Based on these studies, it had been suggested that there might be a directional recycling of active RTKs to the leading edge of border cells, amplifying the initial small difference between RTK signaling levels at the front and those at the back (Janssens et al., 2010; Jékely et al., 2005; Montell et al., 2012). Recently, it was shown that the active (tyrosine phosphorylated) form of PVR was enriched at the front of cluster when PVR is overexpressed, but the front-back asymmetry of active PVR is significantly less than that of pTyr.
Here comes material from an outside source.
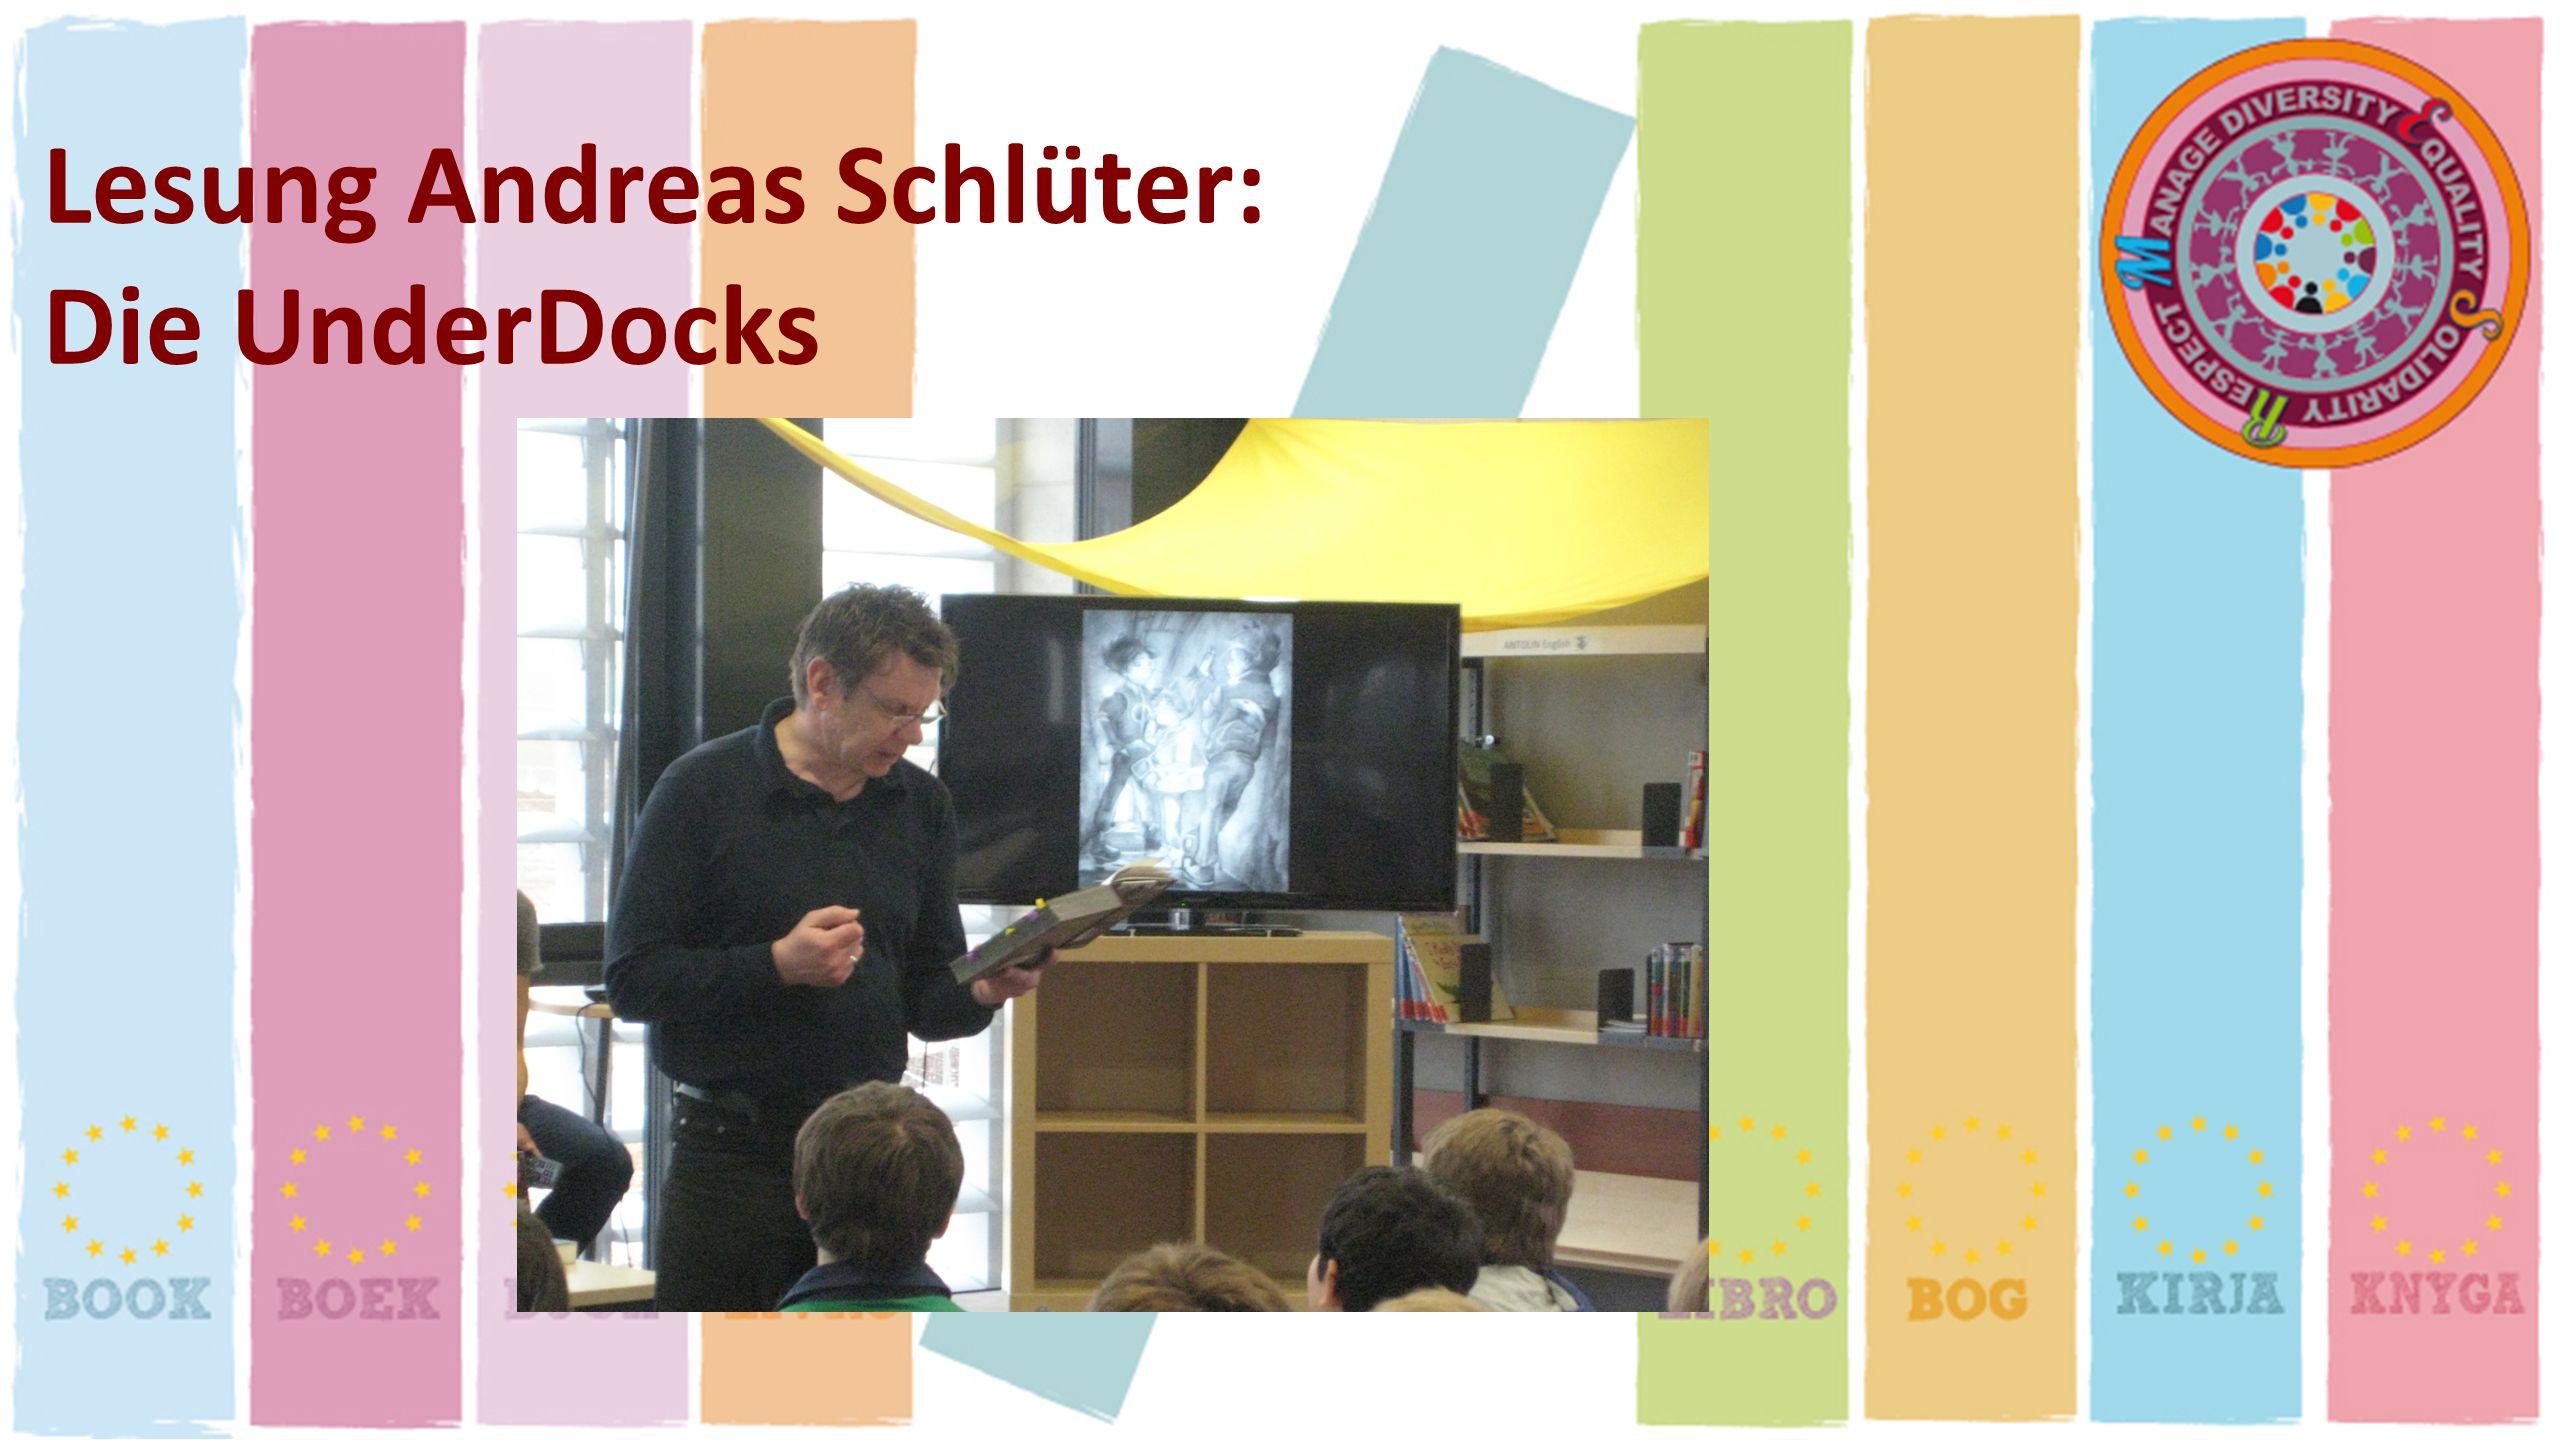 Lesung Andreas Schlüter:

This discrepancy raises the question of whether kinases and phosphorylated proteins other than active PVR are directionally recycled to the front. Moreover, how this recycling process is regulated is unclear. In this study, we showed that there was a polarized distribution of Rab11-labeled recycling endosome and Sec5-labeled exocyst near the leading edge of migrating border cells, which is mediated by the guidance receptor PVR. Interestingly, we found PVR signaled through the small GTPase Rac to locally increase recycling endosome levels. Elevated recycling endosome levels were proximal to strong F-actin stainings, which normally occurred at the leading edge of the migrating cluster, suggesting that directional recycling could be mediated by the asymmetrically localized F-actin. Conversely, the exocyst component Sec3 was also required for asymmetric localization of RTK activity and F-actin. These results suggested the presence of a positive feedback loop in border cells, where RTKs such as PVR acted to induce a higher level of vesicle recycling and tethering activity in the leading cells, enabling active RTKs or other phosphorylated proteins to be concentrated in a more polarized fashion at the front. Lastly, we also provided evidence that Sec3 promoted recycling and tethering of vesicles containing E-cadherin (Shotgun - FlyBase) in border cells and follicle cells.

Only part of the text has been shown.